RowID Row Index chunk_index Chunk Count Row Count Column4 Column5 Column6
Row30462 Row Index 462 chunk_index 0 Chunk Count 4 Row Count: 463/2500 ? ? ?
Row30463 Row Index 463 chunk_index 0 Chunk Count 4 Row Count: 464/2500 ? ? ?
Row30464 Row Index 464 chunk_index 0 “Chunk Cou"Row Index 2500” chunk_index 1 Chunk Count 4 Row Count: 1/2500 ?
Row30465 Row Index 2501 chunk_index 1 Chunk Count 4 Row Count: 2/2500 ? ? ?
Row30466 Row Index 2502 chunk_index 1 Chunk Count 4 Row Count: 3/2500 ? ? ?

RowID Row Index chunk_index Chunk Count Row Count Column4 Column5 Column6
Row30578 Row Index 2614 chunk_index 1 Chunk Count 4 Row Count: 115/2500 ? ? ?
Row30579 Row Index 2615 chnt 4 Row Count: 465/2500 ? ? ? ?
Row30580 Row Index 465 chunk_index 0 Chunk Count 4 Row Count: 466/2500 ? ? ?

And another occasion with the exact same row distance 30694 to 30808 but this time being 114 rows.

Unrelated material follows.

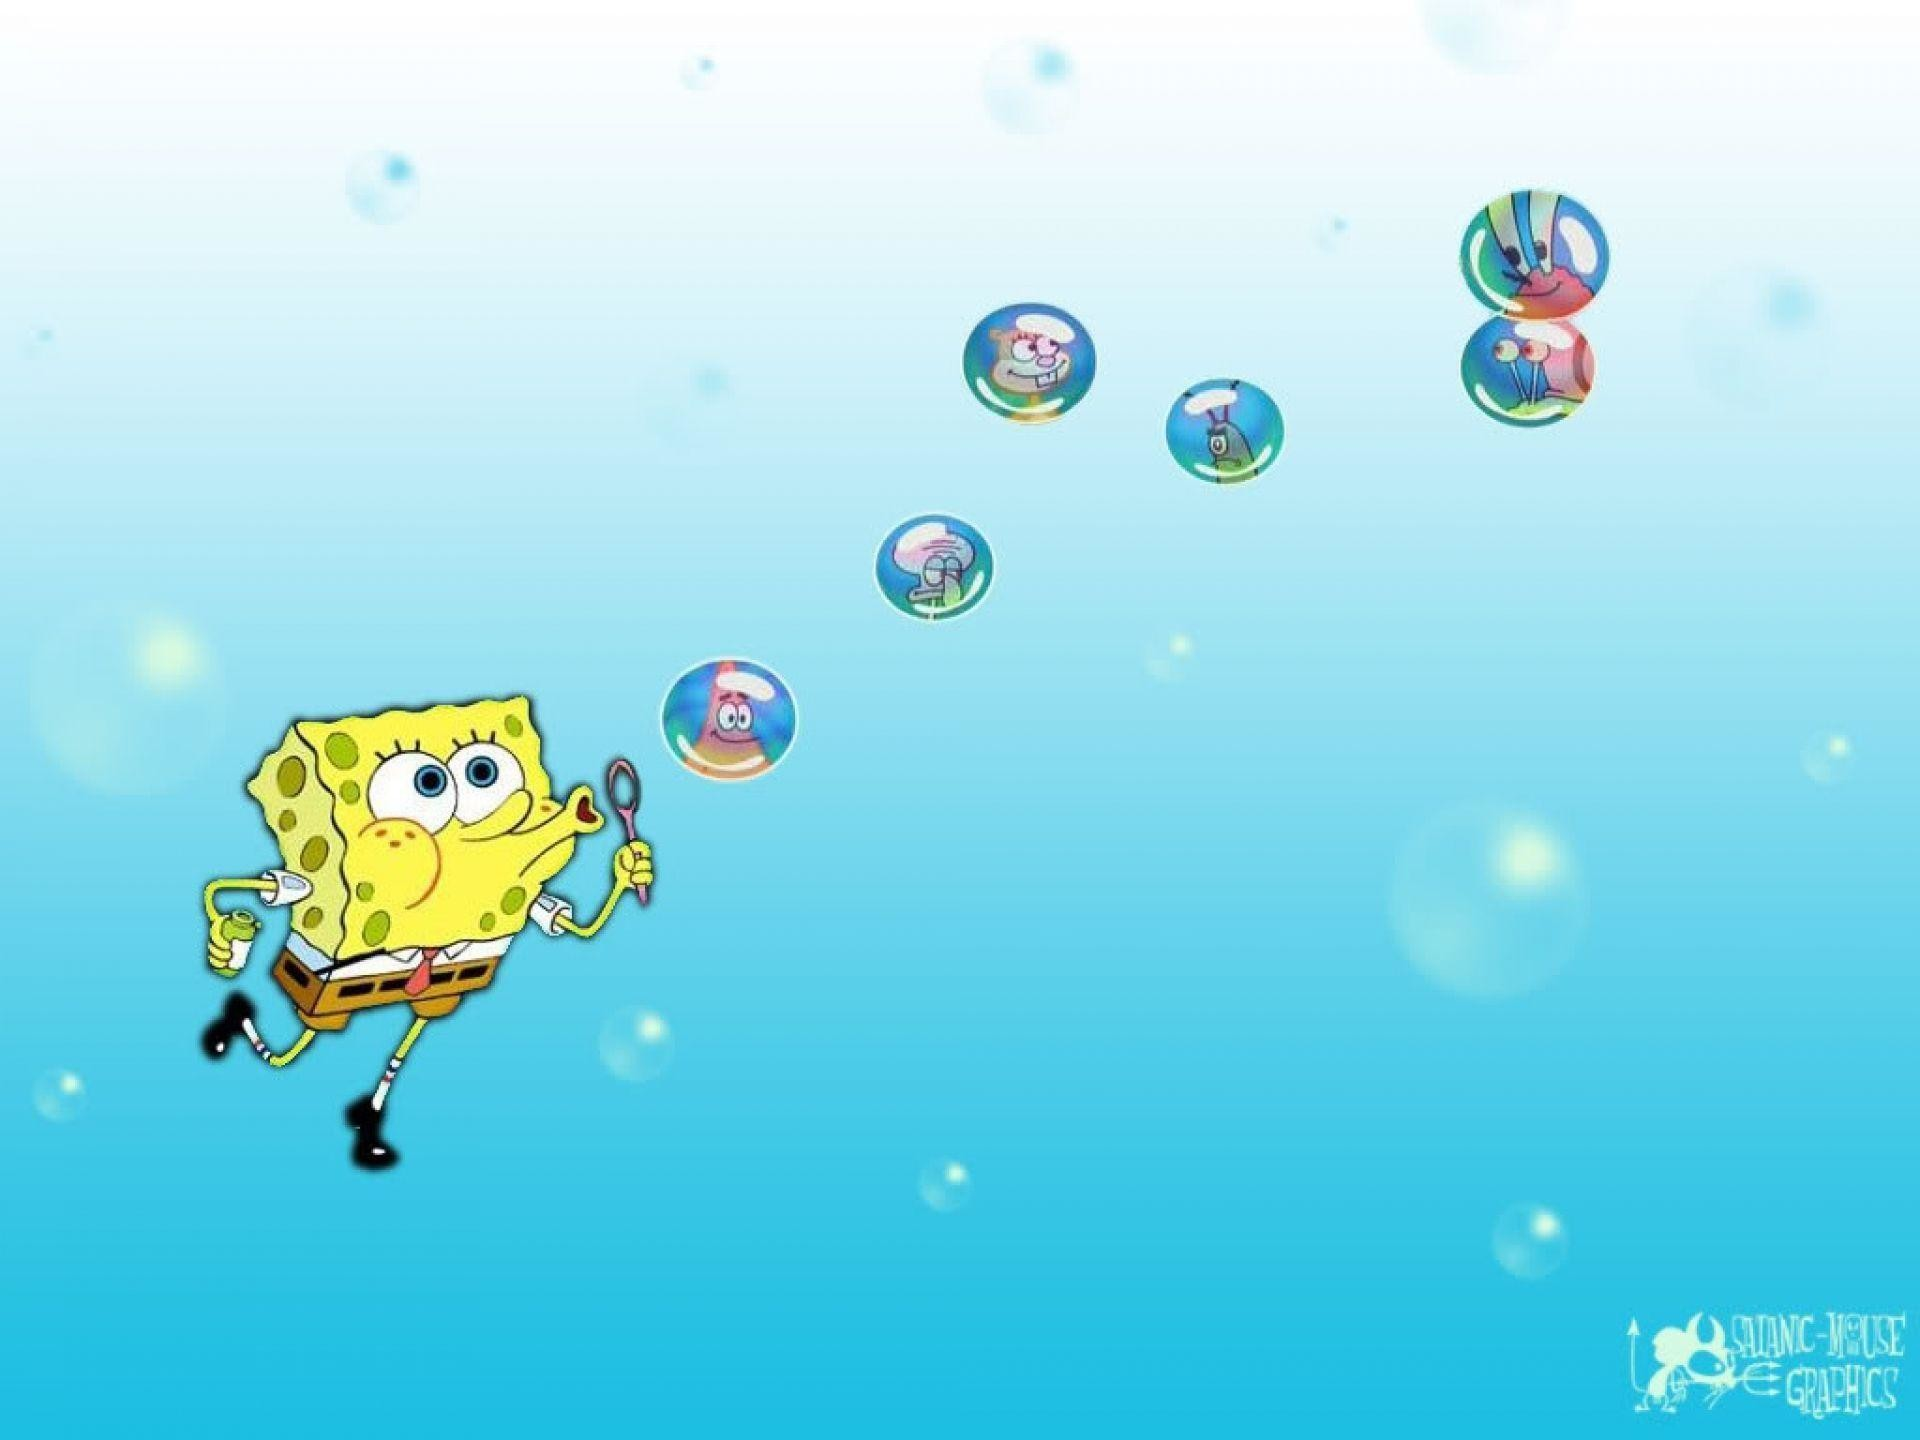 Spongebob Background Spongebob Background Scene Spongebob Background
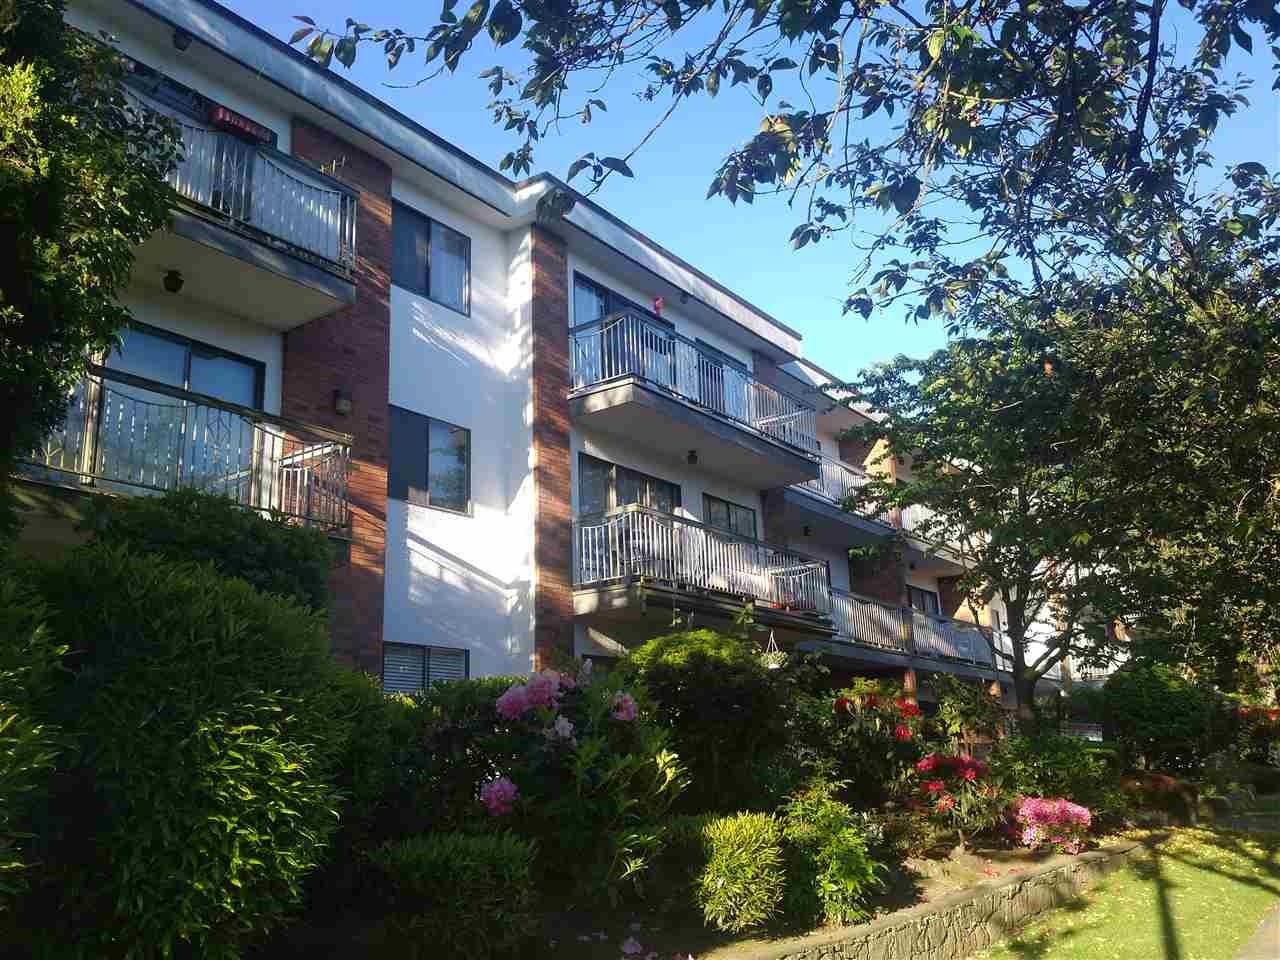 "Main Photo: 309 1950 W 8TH Avenue in Vancouver: Kitsilano Condo for sale in ""MARQUIS MANOR"" (Vancouver West)  : MLS®# R2069129"

RowID Row Index chunk_index Chunk Count Row Count Column4 Column5 Column6
Row30692 Row Index 577 chunk_index 0 Chunk Count 4 Row Count: 578/2500 ? ? ?
Row30693 Row Index 578 chunk_index 0 Chunk Count 4 Row Count: 579/2500 ? ? ?
Row30694 Row Index 579 chunk_index 0 Chunk Count 4 “Row Count: 580/2500"unk_index 1” Chunk Count 4 Row Count: 116/2500 ?
Row30695 Row Index 2616 chunk_index 1 Chunk Count 4 Row Count: 117/2500 ? ? ?
RowID Row Index chunk_index Chunk Count Row Count Column4 Column5 Column6
Row30807 Row Index 2728 chunk_index 1 Chunk Count 4 Row Count: 229/2500 ? ? ?
Row30808 "Row “Row Index 580” chunk_index 0 Chunk Count 4 Row Count: 581/2500 ? ? ?
Row30809 Row Index 581 chunk_index 0 Chunk Count 4 Row Count: 582/2500 ? ? ?

@mwiegand to be honest writing from parallel processes into the same local file is always a risk and will most likely result in failures (and this is most likely not a KNIME specific ‘bug’ but the way it is). From my perspective the best way to deal with this is to create unique file names in loop and chunk and write to individual parquet files (could also be CSV or Excel) and then import them back into a single file.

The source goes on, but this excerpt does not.